Mysql – Fastest way to delete matching rows in MySQL

deleteMySQL

I have more than 10 million records in a table. I want to delete the
records where the email column contains .ac..

What is the fastest method to perform the task?

Table Schema

CREATE TABLE `master` (
   `id` int(11) NOT NULL AUTO_INCREMENT,  
   `email` varchar(255) NOT NULL,
   PRIMARY KEY (`id`)
) ENGINE=MyISAM AUTO_INCREMENT=1 DEFAULT CHARSET=latin1;

Delete Query

DELETE FROM `master` WHERE ( email LIKE "%.ac.%" );

Best Answer

You have not given much of a table description. Notwithstanding, I will try to answer your question.

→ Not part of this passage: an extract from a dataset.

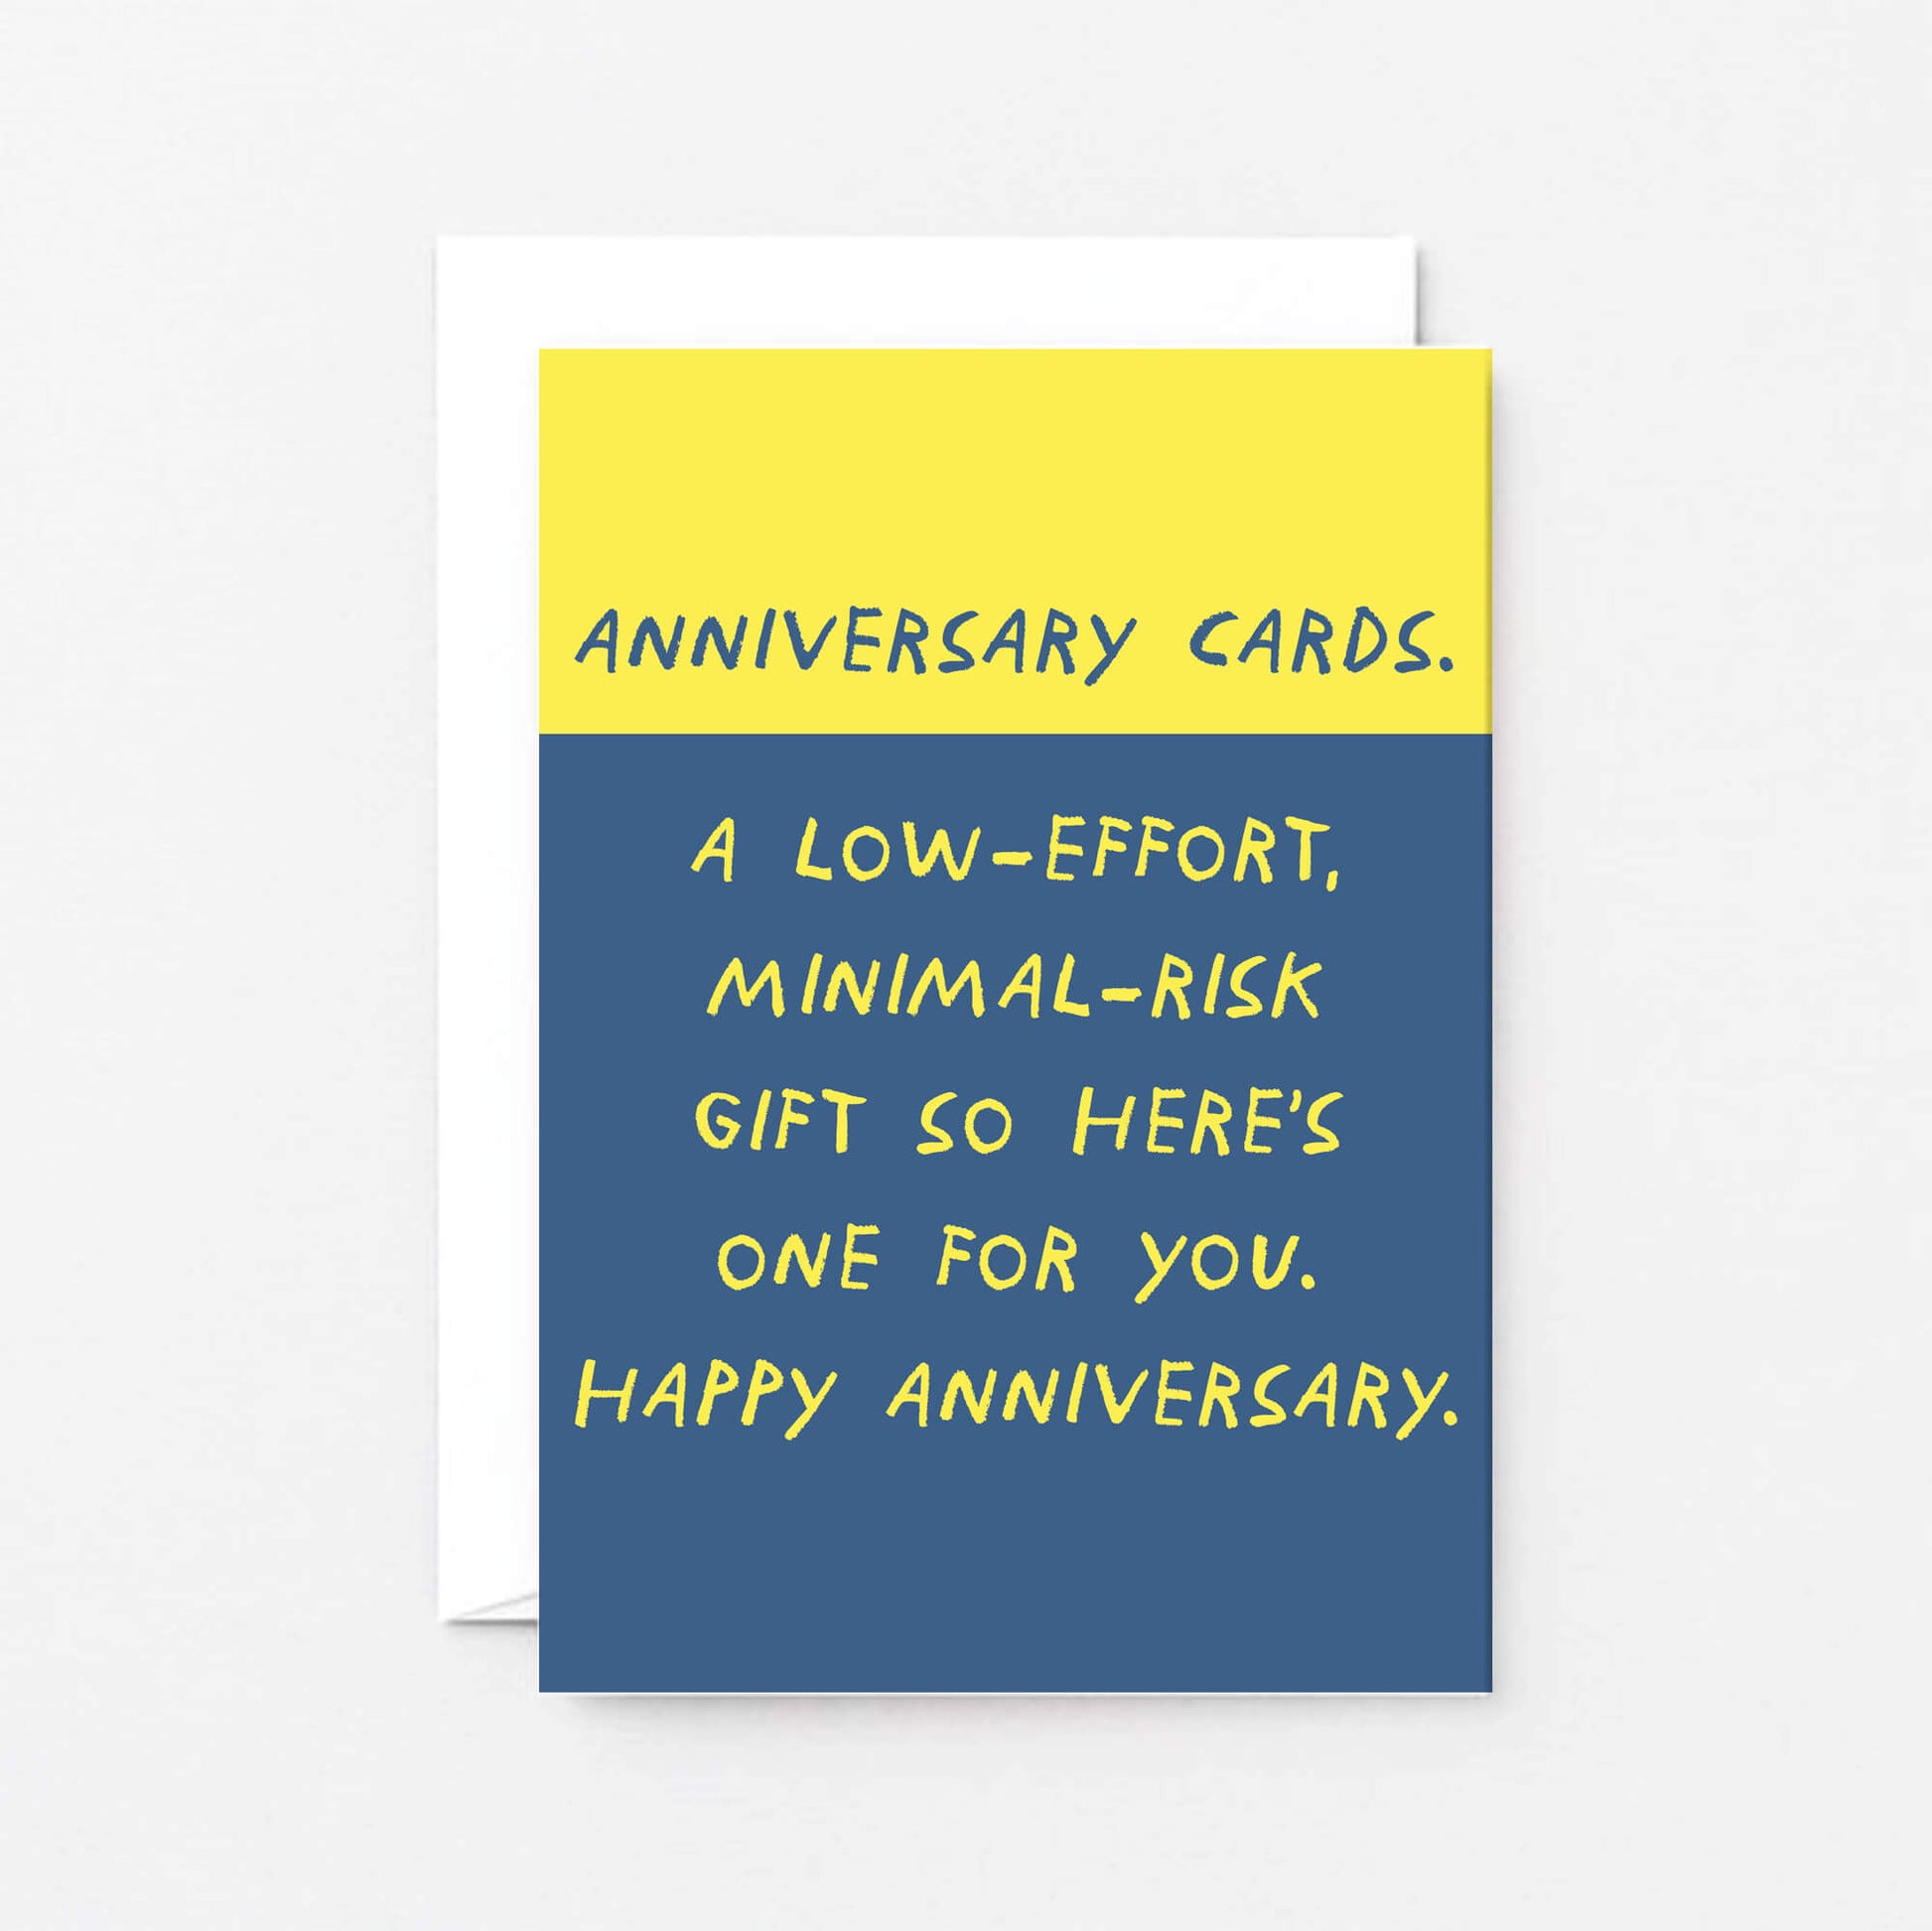 Anniversary Card by SixElevenCreations. Read Anniversary Cards. A low-effort, minimal-risk gift so here's one for you. Happy Anniversary. Product Code SE2102A6

For this example, let's use this table:

CREATE TABLE mytable
(
    id INT NOT NULL AUTO_INCREMENT,
    email VARCHAR(255),
    PRIMARY KEY (id)
);

First, try counting all the IDs that have .ac. in the email column.

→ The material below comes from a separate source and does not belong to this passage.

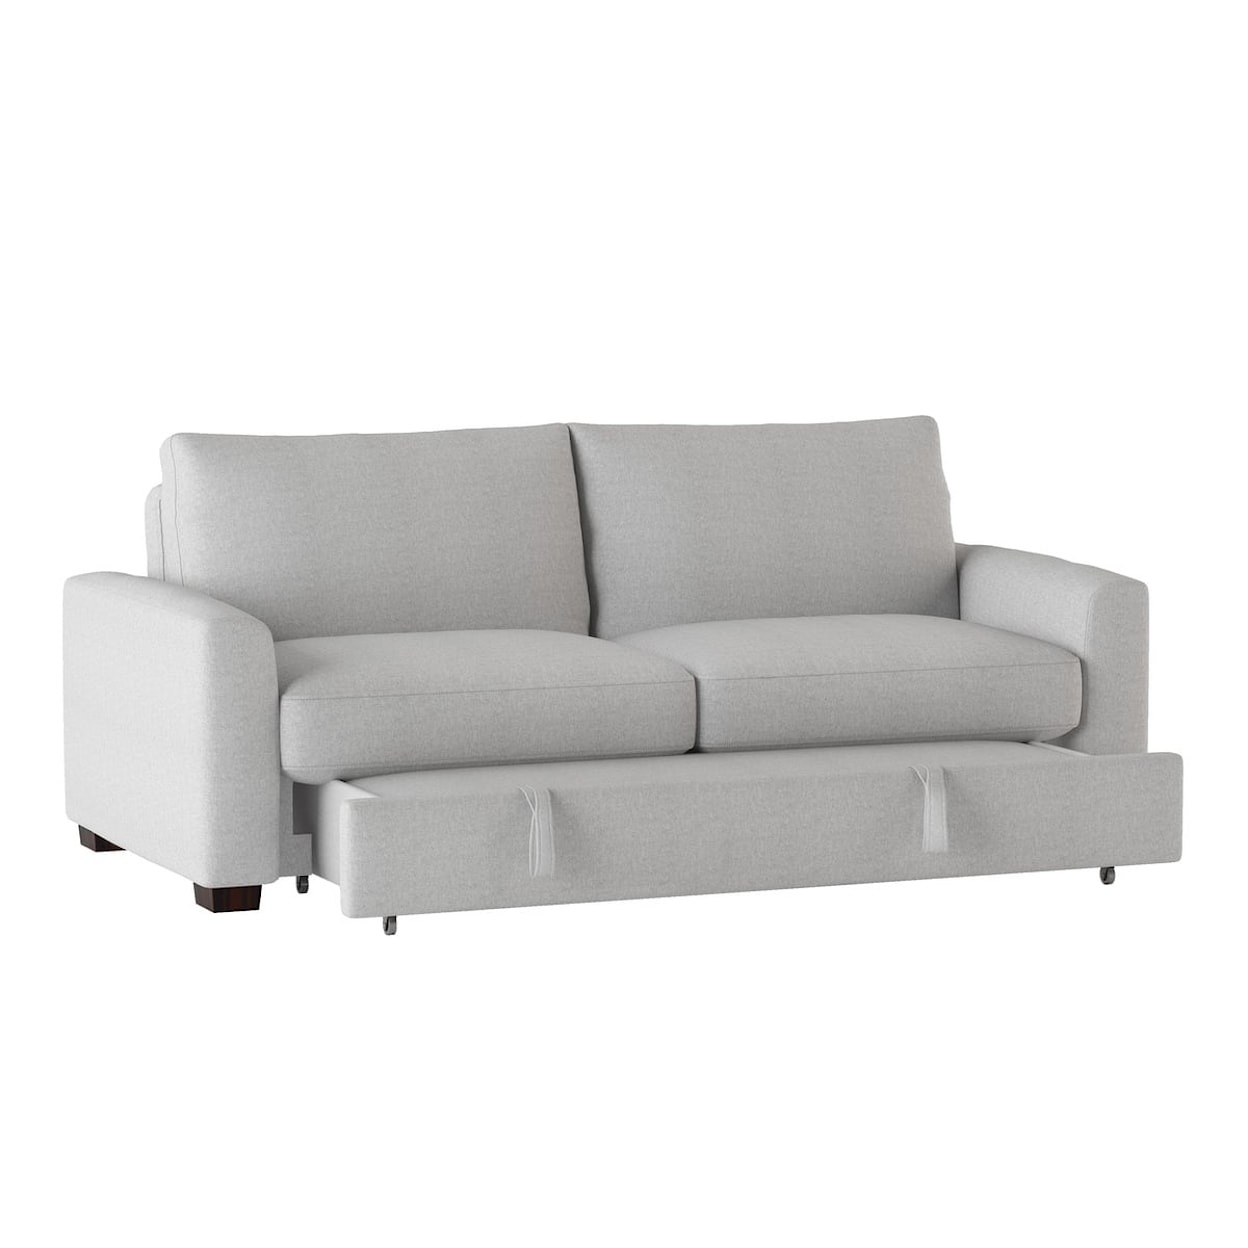 Homelegance Price Convertible Studio Sofa with Pull-out Bed

SELECT COUNT(1) INTO @CompleteCount FROM mytable;
SELECT COUNT(1) INTO @DeleteCount FROM mytable WHERE LOCATE('.ac.',email) > 0;

There are two approaches to doing a DELETE:

APPROACH #1 : DELETE JOIN

If @DeleteCount < 5% of @CompleteCount, use a list of IDs to DELETE from mytable:

CREATE TABLE mytable_delete_id
SELECT id FROM mytable WHERE LOCATE('.ac.',email) > 0;
ALTER TABLE mytable_delete_id ADD PRIMARY KEY (id);
DELETE B.* FROM mytable_delete_id A INNER JOIN mytable B USING (id);
DROP TABLE mytable_delete_id;

This helps take the guess work out of which rows to DELETE by using a SELECT to get the IDs. The JOIN takes care of the DELETE.

APPROACH #2 : CREATE A NEW TABLE

If you have the following conditions:

  • @DeleteCount > 30% of @CompleteCount
  • your table does not have foreign keys/constraints

you could just create a new table and filter out the rows with .ac. in the email column:

CREATE TABLE mytable_new LIKE mytable;
#insert rows which does not contain '.ac.' from mytable
INSERT INTO mytable_new SELECT * FROM mytable WHERE LOCATE('.ac.',email) = 0;
ALTER TABLE mytable RENAME mytable_old;
ALTER TABLE mytable_new RENAME mytable;
DROP TABLE mytable_old;

EPILOGUE

You can do either of these methods without checking table counta ahead of time. They will both work. If you are concerned that .ac. is in a huge number of rows, go with APPROACH #2. If there are not that many occurrences, go with APPROACH #1.